The Wnt signaling pathway is capable of self-regulation through positive and negative feedback mechanisms. For example, the oncoprotein c-Myc, which is upregulated by Wnt signaling activity, participates in a positive feedback loop of canonical Wnt signaling through repression of Wnt antagonists DKK1 and SFRP1. In this study, we investigated the mechanism of Wnt inhibitory factor-1 (WIF-1) silencing. Mapping of CpG island methylation of the WIF-1 promoter reveals regional methylation (-295 to -95 bp from the transcription start site) that correlates with transcriptional silencing. We identified Miz-1 as a direct activator of WIF-1 transcriptional activity, which is found at WIF-1 promoter. In addition, we show that c-Myc contributes to WIF-1 transcriptional repression in a Miz-1-dependent manner. Although the transient repression mediated by Miz-1/c-Myc is independent of de novo methylation, the stable repression by this complex is associated with CpG island methylation of the critical -295 to -95-bp region of the WIF-1 promoter. Importantly, Miz-1 and c-Myc are found at WIF-1 promoter in WIF-1 non-expressing cell lines DLD-1 and 209myc. Transient knockdown or somatic knockout of c-Myc in DLD-1 failed to restore WIF-1 expression suggesting that c-Myc is involved in initiating rather than maintaining WIF-1 epigenetic silencing. In a genome-wide screen, DNAJA4, TGFβ-induced and TRIM59 were repressed by c-Myc overexpression and DNA promoter hypermethylation.
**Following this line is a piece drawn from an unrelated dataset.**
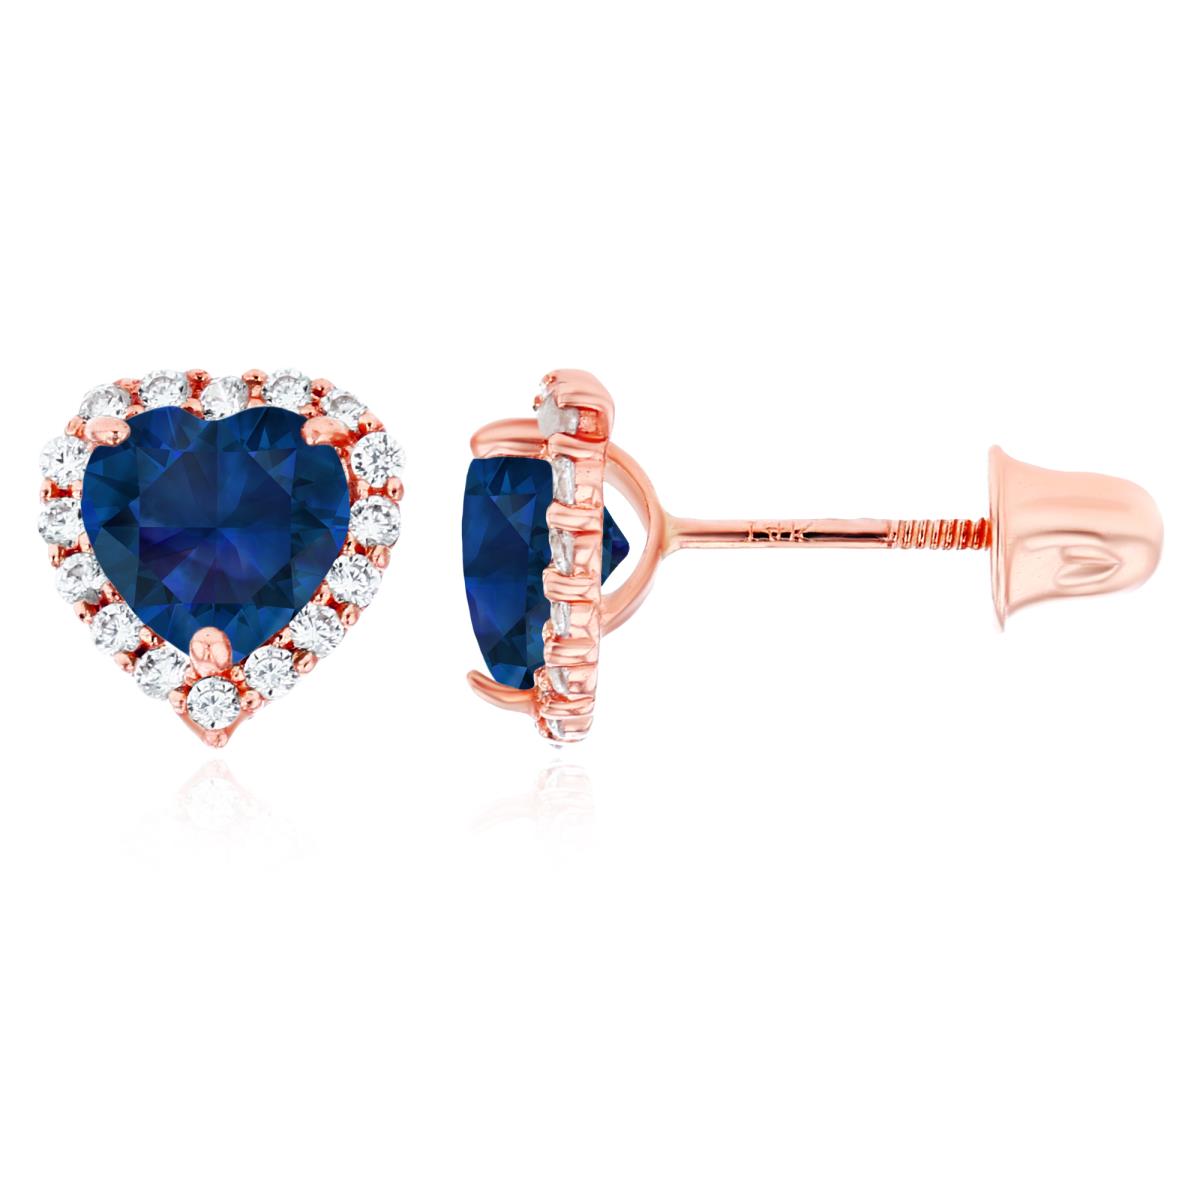 14K Rose Gold 5mm Heart Created Blue Sapphire & 1mm Created White Sapphire Halo Screwback Earrings
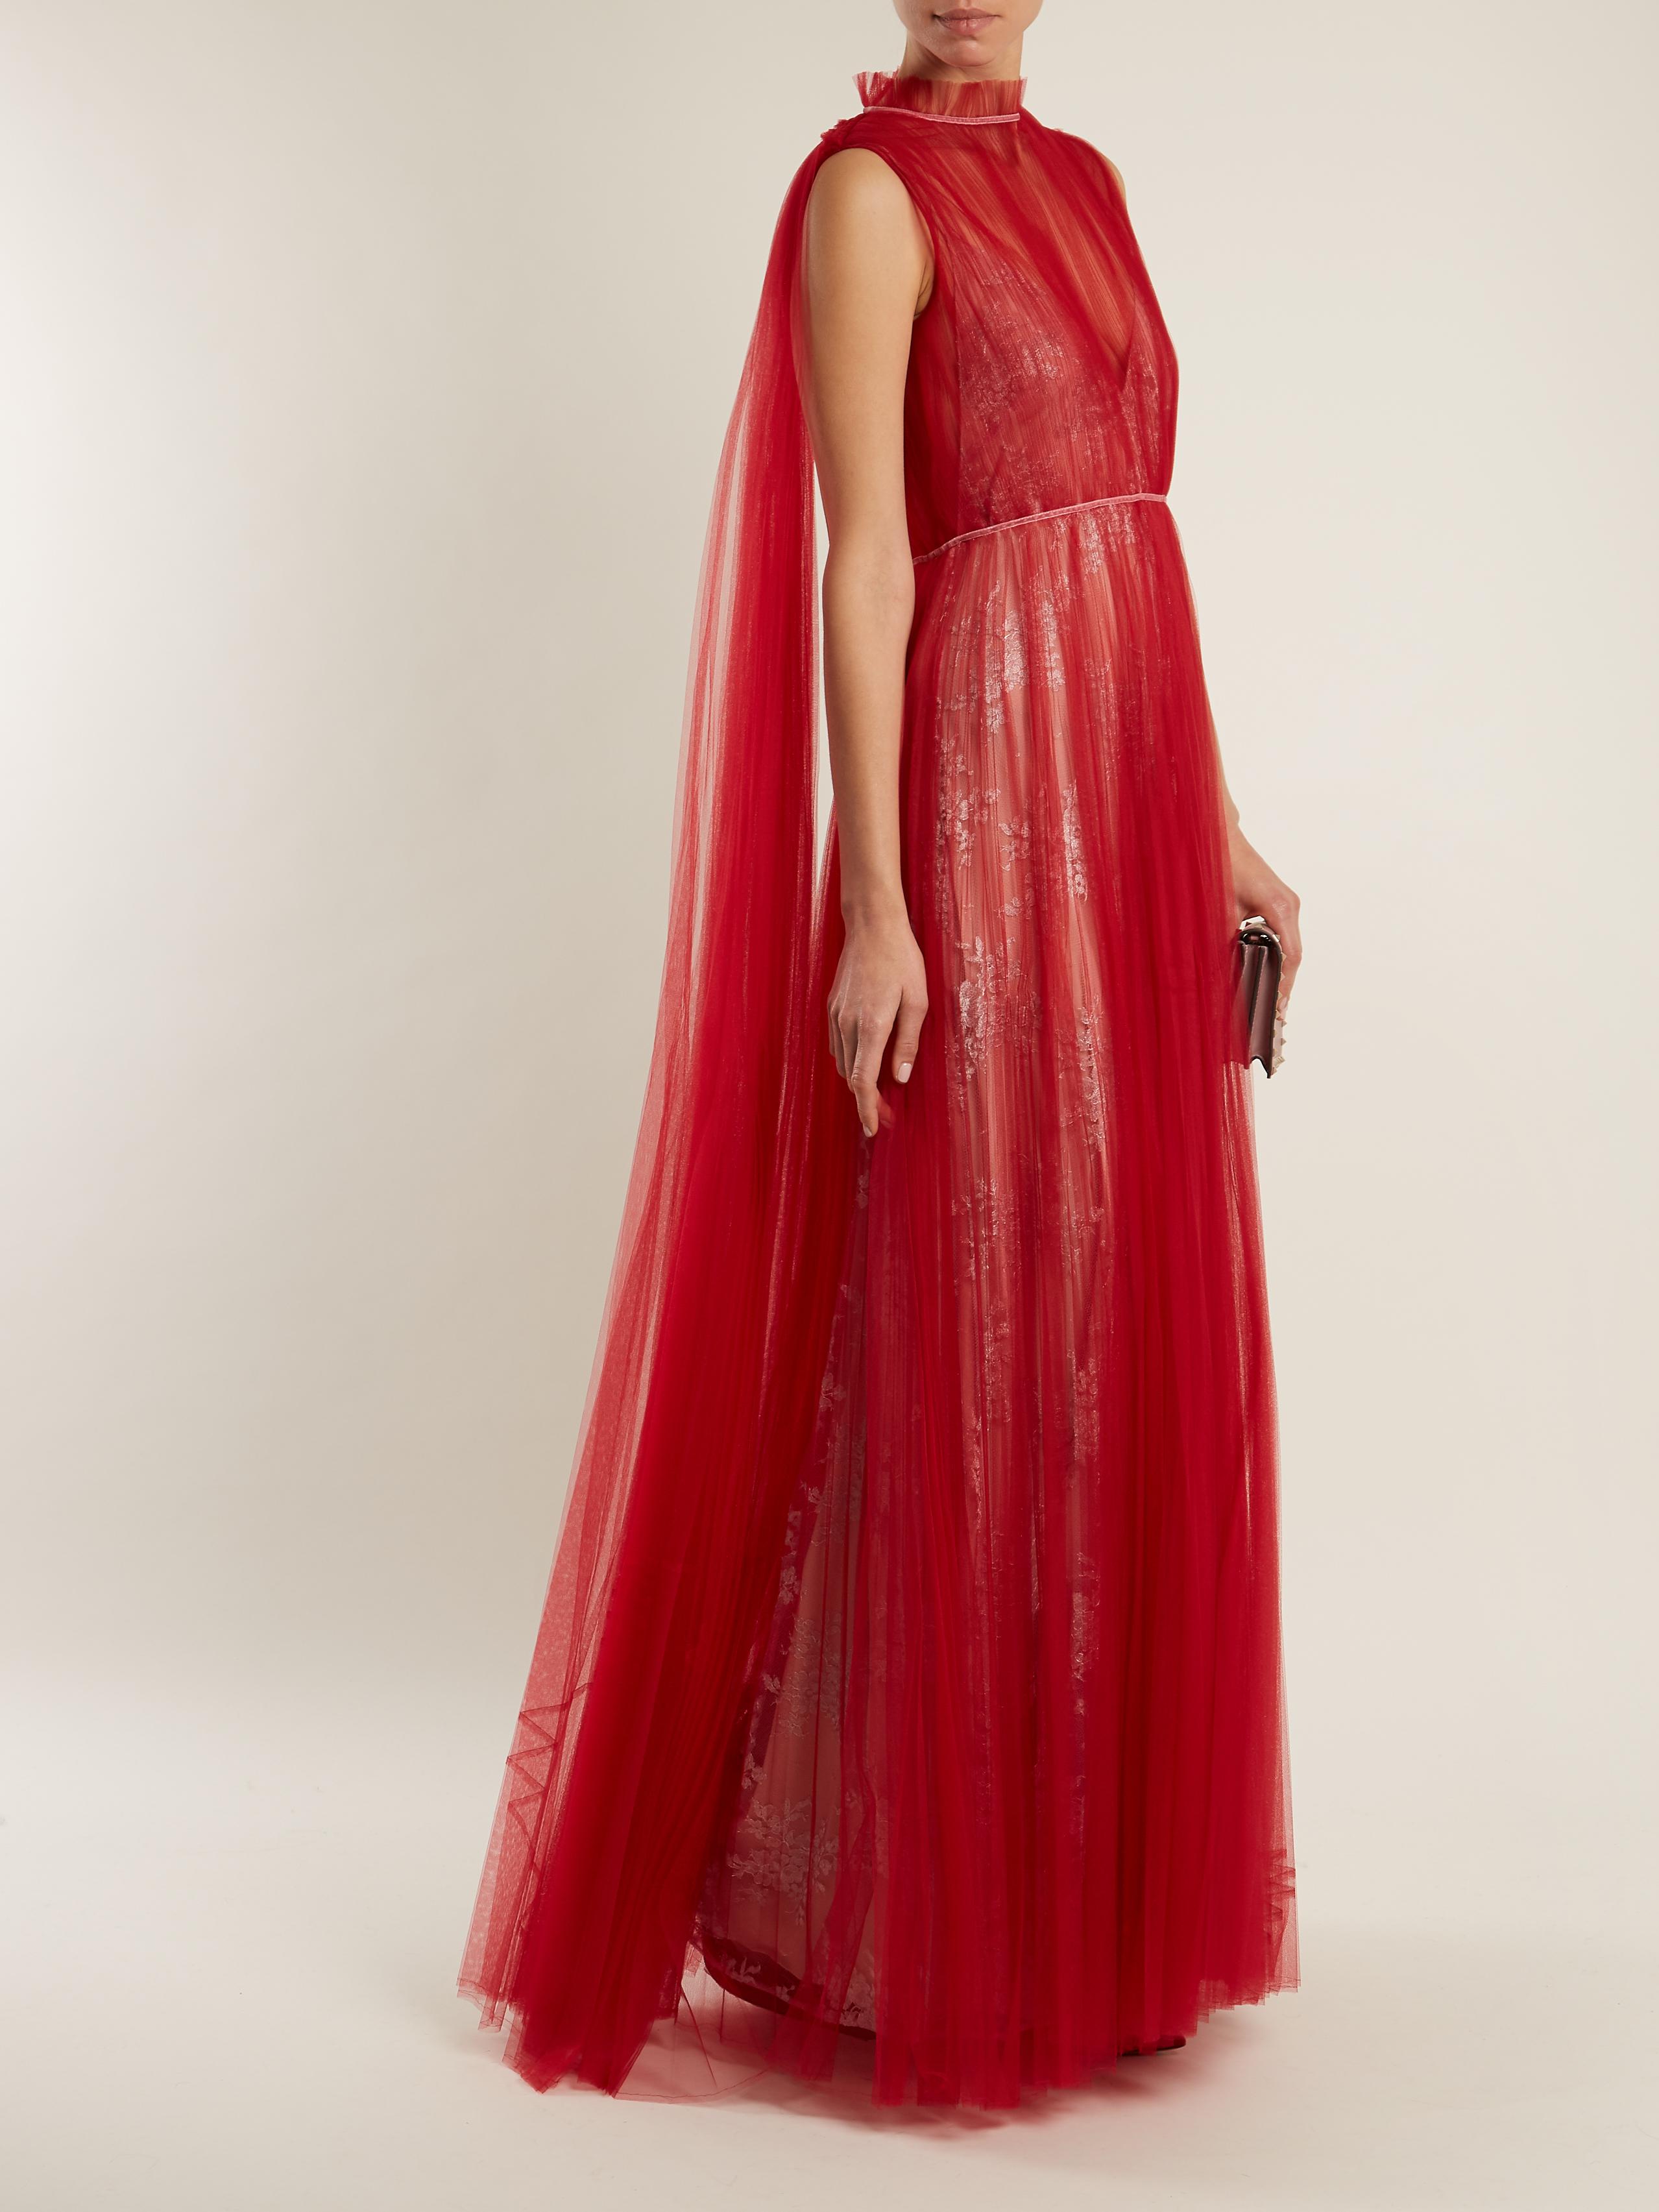 valentino red dress

Our data reveal novel insights into c-Myc-mediated DNA methylation-dependent transcriptional silencing, a mechanism that might contribute to the dysregulation of Wnt signaling in cancer.

Figure 1

WIF-1 promoter methylation status. (a) Upper panel: WIF-1 expression was analyzed by RT–PCR in lung and colorectal cancer cell lines either untreated, treated with dimethylsulphoxide (DMSO) (m) or with 2 μm of 5-aza-2′-azadeoxycitidine treatment for 56 h (A⁵⁶), 82 h (A⁸²) or 96 h (A⁹⁶). Glyceraldehyde 3-phosphate dehydrogenase (GAPDH) was used as a control. Lower panel: real-time RT–PCR analysis of WIF-1 transcript in NSCLC cell lines. WIF-1 expression was highest in H920 followed by H1435, H1299, H1703, U1752, normal human bronchial epithelial (NHBE), H460, H157, A549 and H125 and absent in H1155, H1666, H1395 and H1993. (b, c) Genomic bisulfite sequencing analysis of WIF-1 promoter region (b) –21/+209 bp, (c, left panel) –401/–350 and (c, right panel) –320/–72 bp. White-filled circles represent unmethylated CGs and black-filled circle methylated CGs. All regions are relative to the TSS.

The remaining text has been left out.